さっきまでの閑散としたショッピングストリートには溢れんばかりの人波。
ソワソワしながら通りに出てギターを構える。
ギターを鳴らす。
石畳みと建物に響いて音が気持ちよくのびる。
歌った。
歌いまくった。
これまでのイスラム圏での鬱憤を晴らすように。
やかましいクラクションもない。
ギターを触ってくるアホもいない。
金を奪うボケもいない。
止めに入るお巡りさんもいない。
アザーンがモスクから流れて演奏を止めないといけないこともない。
俺、こんなに上手かったっけ?って思えるくらい気持ちをこめて、集中して歌える。
上品な人々がサッとお金を置いて、いい声だね、と言って去っていく。
誰かが捨てたタバコの吸い殻ひとつを、カッコいいユニフォームを着た清掃員がやってきてシュッと回収していく。
ゴミひとつない通りにギターを響かせる。
気持ちよすぎる。
あぁぁぁ、ヨーロッパ、帰ってきたよー。
久しぶりに3時間以上歌い、ヘトヘトになってマクドナルドへ。
パンとサラミは持っているので、ポテトだけ注文。
お金を払っていると1.8ユーロなのに1ユーロでいいよと言うお姉さん。
え?なんでですか?と聞くと、ニコリと笑ってウィンク。
うごおおおおおおおおお!!!!!
よくわかんないけどヨーロッパあああああああいいいいい!!!!!!
こちらこそグラシアスだから!!
今日のあがりはなんと41ユーロ。
モロッコディルハムにしたら450ディルハム以上。
日本円で5000円てとこ。
賑やかなマクドナルド。
可愛い子供。
人目を気にせずキスしてるオシャレな学生。
セクシーなブロンドの女の人。
知的で紳士的な男の人。
なんて落ち着くんだ。
マクドナルドを出て、小さな商店でビールを購入。
あー!!イスラム国じゃねぇからどこででもアルコールが売ってるぞコノヤロウ!!!
しかも安ぃ(´Д` )
1リットル瓶がたったの1.7ユーロ(´Д` )
スーパーでは1.2ユーロだった。
アル中確定。
夜景の綺麗なハーバーを歩いていくと、少し坂道になり、登って行って脇道に入ったところに綺麗な公園を見つけた。

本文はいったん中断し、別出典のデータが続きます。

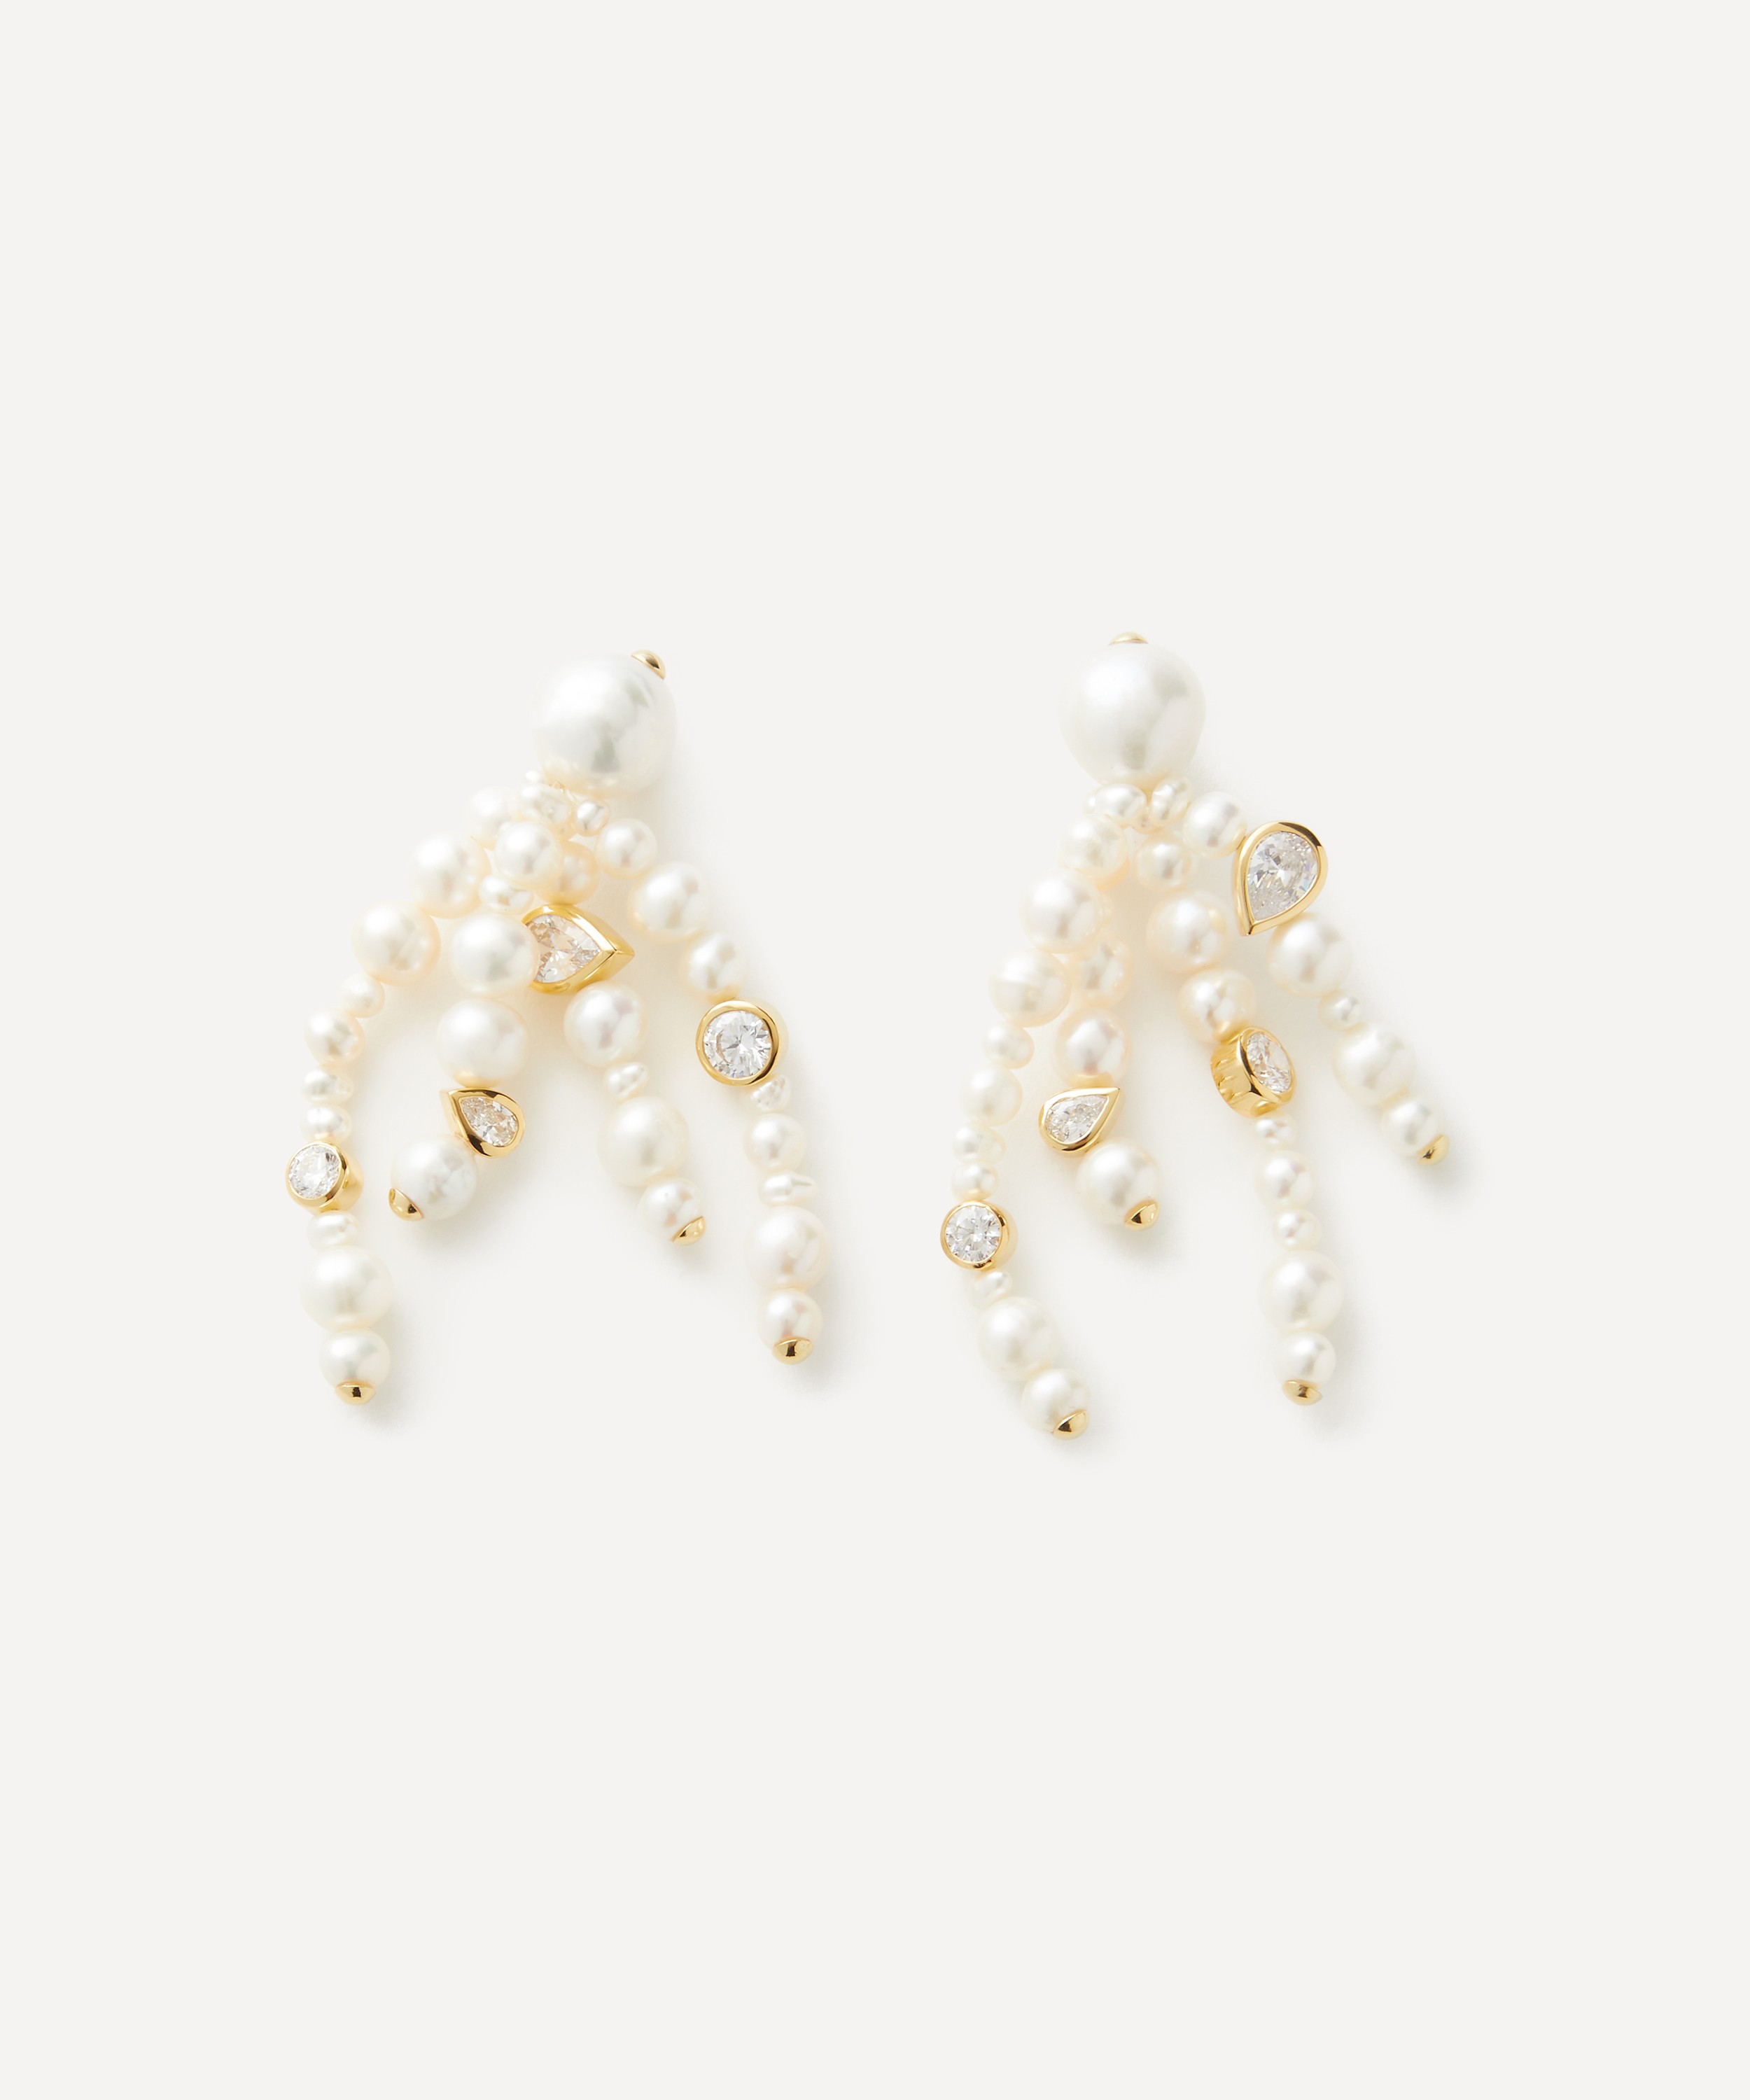 Completedworks - 18ct Gold-Plated Vermeil Silver Pearl Drop Earrings
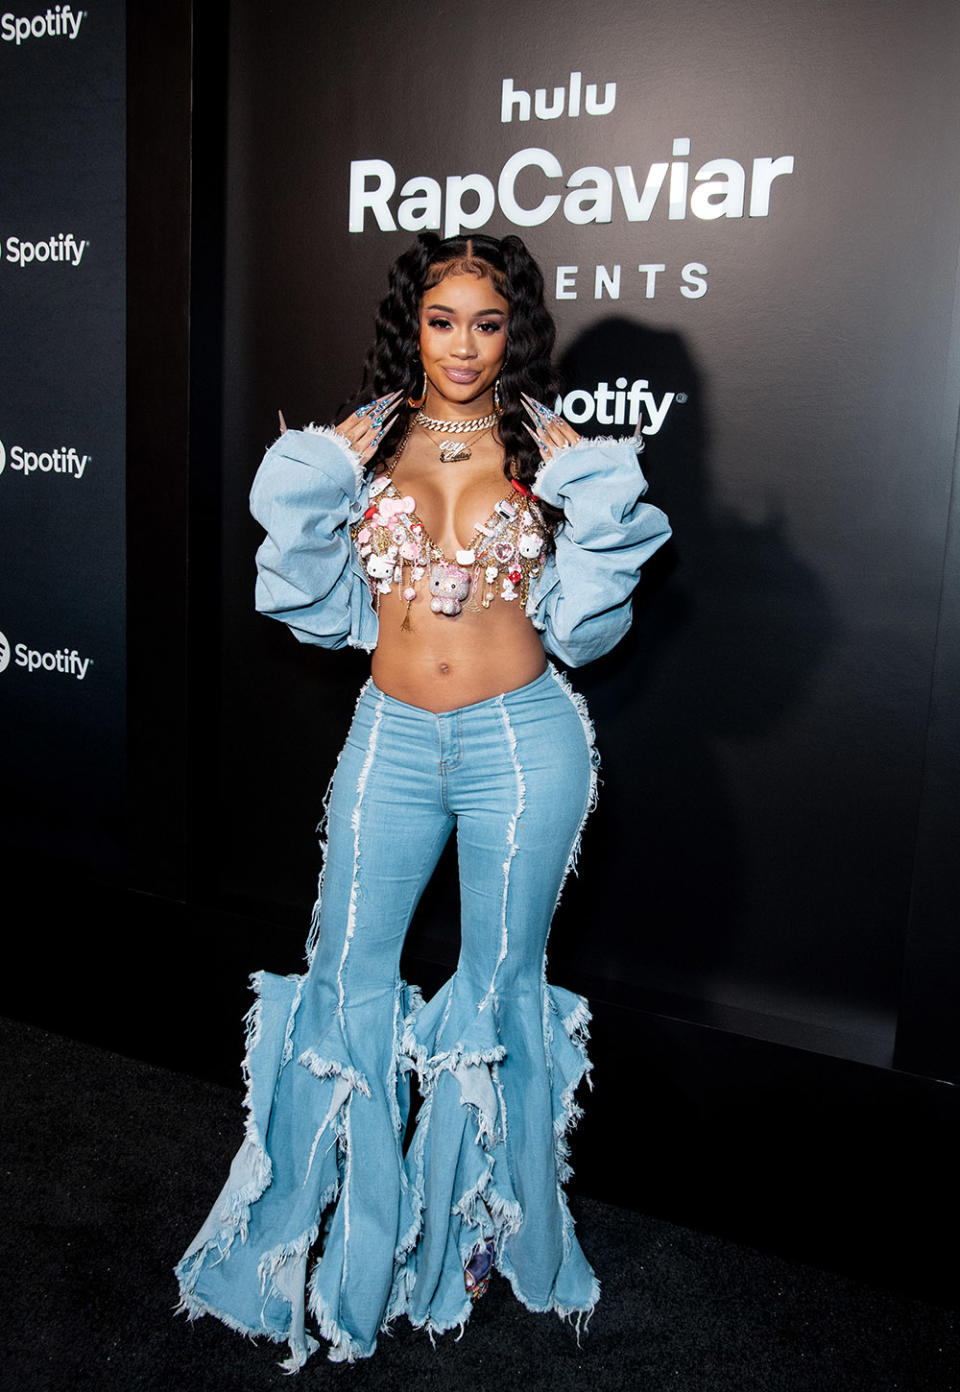 Saweetie attends a red carpet event for Hulu’s “RapCaviar Presents” at Ysabel on March 23, 2023 in West Hollywood, California.

海にせり出した展望公園になっていて、いくつかの遊具もあり、テント張ってくださいと言わんばかりの芝生が広がっていた。
久しぶりにテントを立てた。
荷物を入れ終えて一息つき、ベンチに腰掛ける。
眼下にハーバーが広がり、夜景が海にうつってきらめく。
少し冷たい夜風に髪をなでられながらビールをあおった。
最高だ。
最高の気分だ。
帰ってきたなぁ、ヨーロッパ。
これから3ヶ月。
本当はもっといたいけどシェンゲン協定でそれだけしかいられない。
3ヶ月の間にどんな出会いがあるかなぁ。
どんな美しい風景や街に出会えるかなぁ。
あぁ、麗しのヨーロッパ。
歴史と文明が混合する世界の中心。
こんな美味いビール久しぶりだ。
野宿の夜に乾杯だ。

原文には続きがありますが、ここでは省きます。